Not only did we get to cook together a little, but we spent two hours at the local Farmer’s Market (yes, this is what I do for fun even when I can’t buy any produce – she made a Farmer’s Market Bingo for 5-year-old Paul that I hope to offer as a free download sometime soon); had an amazing dinner at a local restaurant that served grassfed beef and had chicken and duck liver pate on the menu in two places, which pretty much tells you everything; discovered a tiny bakery that only makes traditional sourdough bread with spelt and rye (I had a conversation with the owner about sourdough rise times, coconut oil, and soaking grains, oh, yes I did!); and relished the fact that at midnight, we were flipping through recipes and talking about food.

Minneapolis sustainable restaurant (1)
Minneapolis sustainable restaurant (4)

Above are our meals out Saturday night.

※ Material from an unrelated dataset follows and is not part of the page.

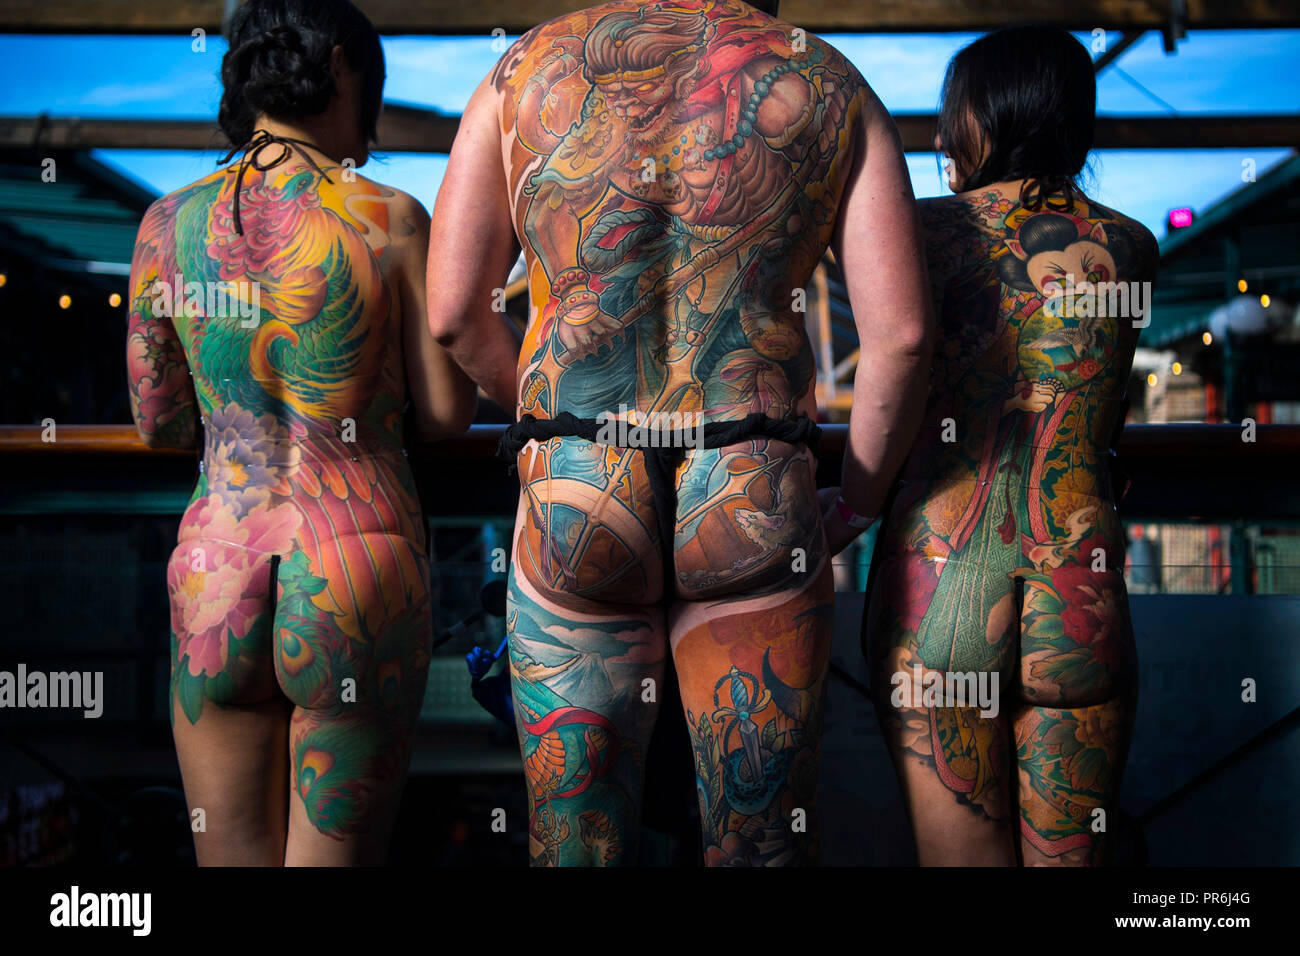 People show off their tattoos during the International tattoo convention at Tobacco Dock in east London. Stock Photo

A-maze-ing. I truly savored every bite (and not only because no one asked me to refill their milk). My first experience with fennel, and I’m a big fan as it turns out!

These girls are amazing: they threw a St. Joseph’s Feast Day dinner party that would make St. Joseph himself proud (and satisfied and nourished, too!). Someday I’m going to get them to guest post about how they throw a dinner party…maybe a week-long series with a wine pairing lesson.

Vacations and kindred spirits do a soul good! (And so does four hours of alone time on a Sunday afternoon, during which I managed to eat lunch, go for a bike ride, shop at my favorite spice store, read a spiritual book and a food book while laying in the sun at a park, go for a half hour walk, visit the cathedral to pray, chat with a friend on the phone, AND lay down for a 20 minute rest. I kid you not. It’s amazing what a mom can do when she has no kids around!)

I also had the pleasure of meeting Micaela Preston, author of Practically Green and Mindful Momma, in real life. We “talked shop” while our boys played on the most incredible playground I’ve ever seen…and neither of us took a picture. What kind of a blogger meets another blogger and doesn’t take a picture? (The distracted kind who like to talk. Me!)

But I digress. I’m seriously digressing. This post is supposed to be about brussel sprouts. Brussels sprouts? Apparently they’re “Brussels sprouts,” as a red line spell checker and a Swagbucks search just taught me. Huh. Now I’ve learned something new.

I don’t remember when I learned what Brussels sprouts (they sure sound like “brussel sprouts”!) actually looked like, but I’m pretty sure I was a full grown adult. I always thought the famed sprouts of hated childhood fare were the little sprouts on a salad bar and proudly proclaimed that I liked them.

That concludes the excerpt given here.